Après l’octroi du Prix Liliane Bettencourt pour l’intelligence de la main – Parcours, en 2019, le ferronnier d’art Pierre Dupont, dont l’atelier est à Soligny-la-Trappe (Orne) et Stéphane Robert ont décidé de relancer le magazine Fèvres, « mis le bébé entre les mains du graphiste et solignois Gilles Carmine, monté une équipe. N ouvelle mise en page, nouveaux rédacteurs, nouveaux partenaires. »
Fèvres, dont le premier numéro date de 2002, entend promouvoir l’Institut de formation et de recherche pour les artisanats des métaux (Ifram). « Le magazine sert la transmission et la préservation dans ces métiers », précise Stéphane Robert, son rédacteur en chef.

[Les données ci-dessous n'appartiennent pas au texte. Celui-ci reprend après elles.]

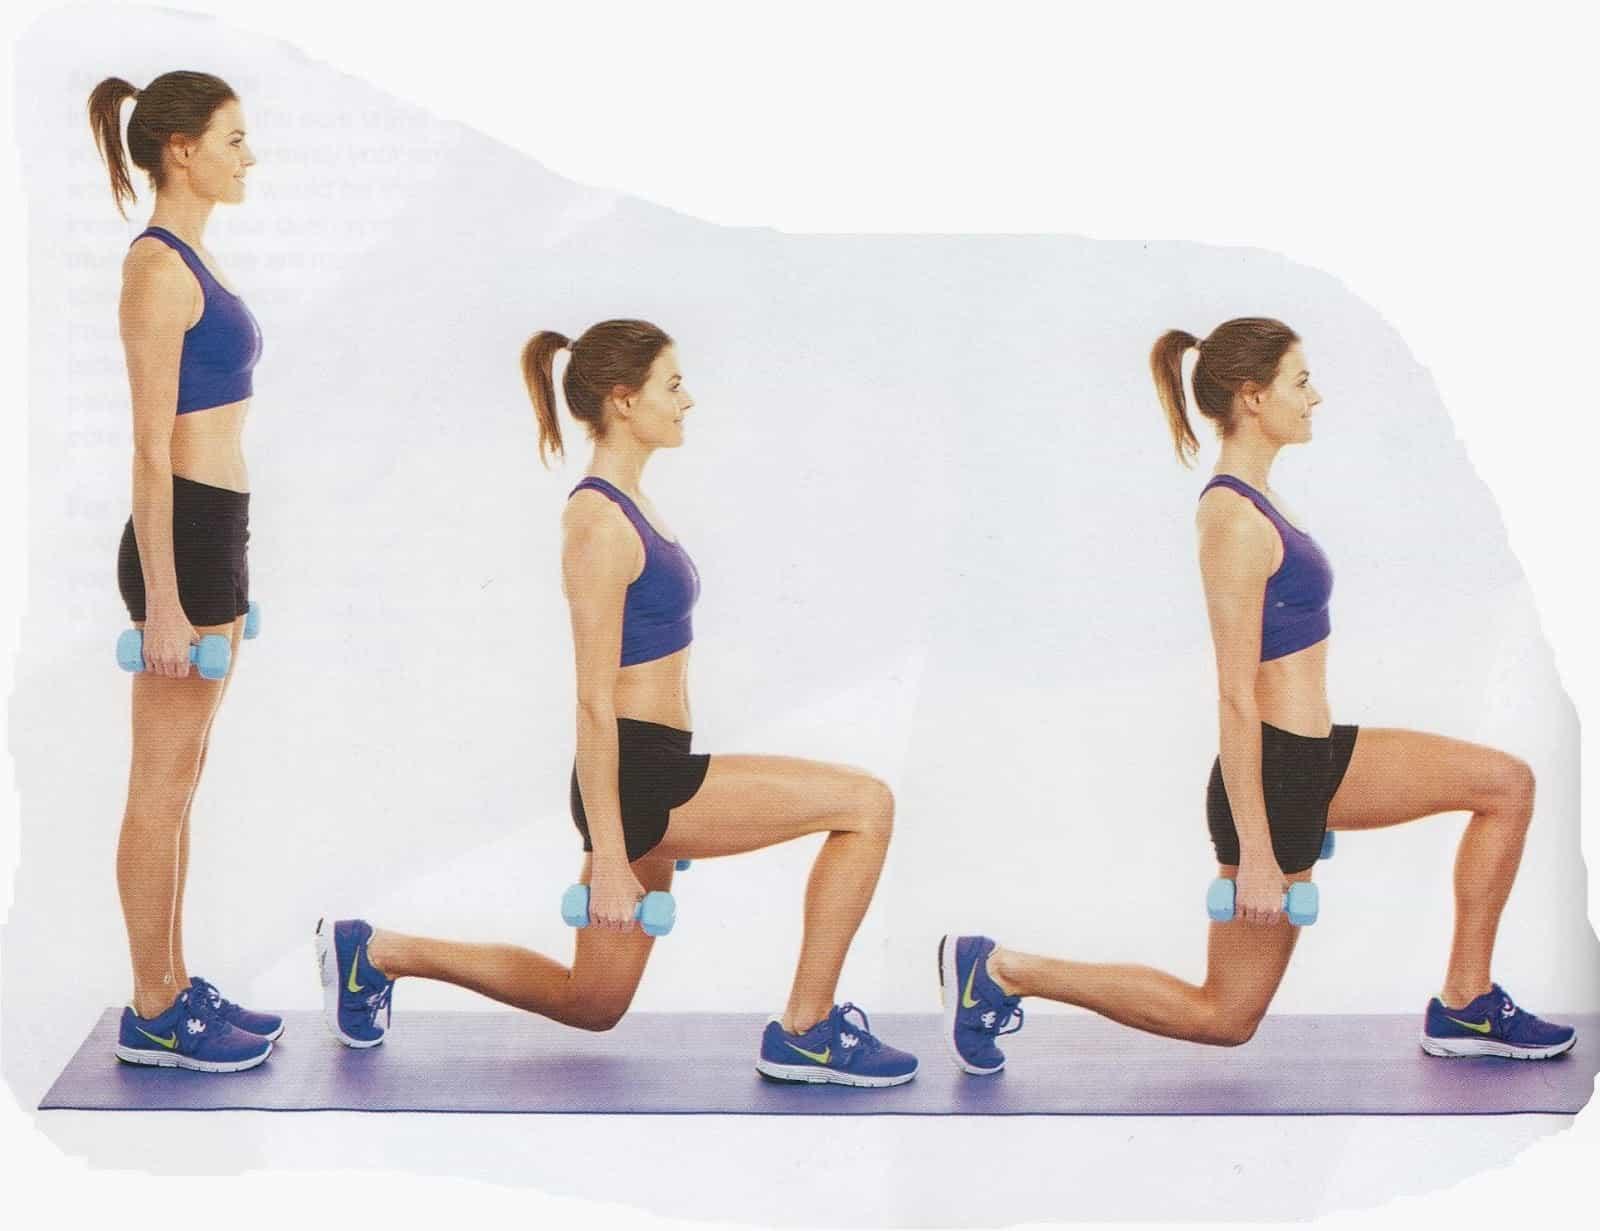 Reducir cadera

« La promotion passe par les salons, la transmission passe par les formations, la préservation et présentation passent par le magazine. Pour divulguer des savoir-faire, mettre en avant ceux qui peuvent être en danger. À travers des portraits d’artisans, des techniques, des annonces, avec des reportages sur les salons, faisant le lien avec tout le monde du métier. »
Un trimestriel
Le prix décerné par la Fondation Bettencourt Schueller, récompense la transmission du patrimoine gardé « a permis de sortir l’Ifram d’une situation financière très compliquée, de remettre en route toutes les actions, dont Fèvres ».
Le trimestriel, s’adresse aux professionnels, institutions, centre de formation, comme aux particuliers, amateurs éclairés, amoureux du métal, jeunes apprentis, en formation, un public ayant en commun l’amour du métal. Il doit devenir autosuffisant. Le but est de réactiver tous les points de vente, de les augmenter.
Le numéro 64 paraît avec un gros plan sur le cuivre. Tiré à 2 000 exemplaires, le magazine est vendu par abonnement et sur internet (https ://www.ifram.com/index.php/fr) avec la possibilité de retrouver tous les numéros. La mise en place de points de vente physique est en cours. « Nous sommes toujours à l’affût de nouvelles idées de reportages », lance Stéphane Robert aux artisans du métal.
Un véritable besoin de relève chez les artisans du métal
L’Institut de formation et de recherche pour les artisanats des métaux (Ifram) est né du besoin de fédérer des professionnels issus d’un secteur atomisé regroupant des savoir-faire diversifiés. Créé en octobre 2001, implanté en Seine-Maritime, cette association a vocation de promouvoir les métiers traditionnels de la forge et de la métallurgie : ferronnerie, serrurerie, coutellerie, maréchalerie, dinanderie, taillanderie, fonderie d’art. Comme l’affirme son directeur, Stéphane Robert : « Nous avons un devoir de mémoire, de transmission, de présentation du savoir-faire dans les métiers d’art. Les formations que nous proposons s’adressent aux professionnels, sur des sujets très pointus, très spécifiques. La présentation du savoir-faire intervient aussi avec des expositions, des salons, et le magazine Fèvres. »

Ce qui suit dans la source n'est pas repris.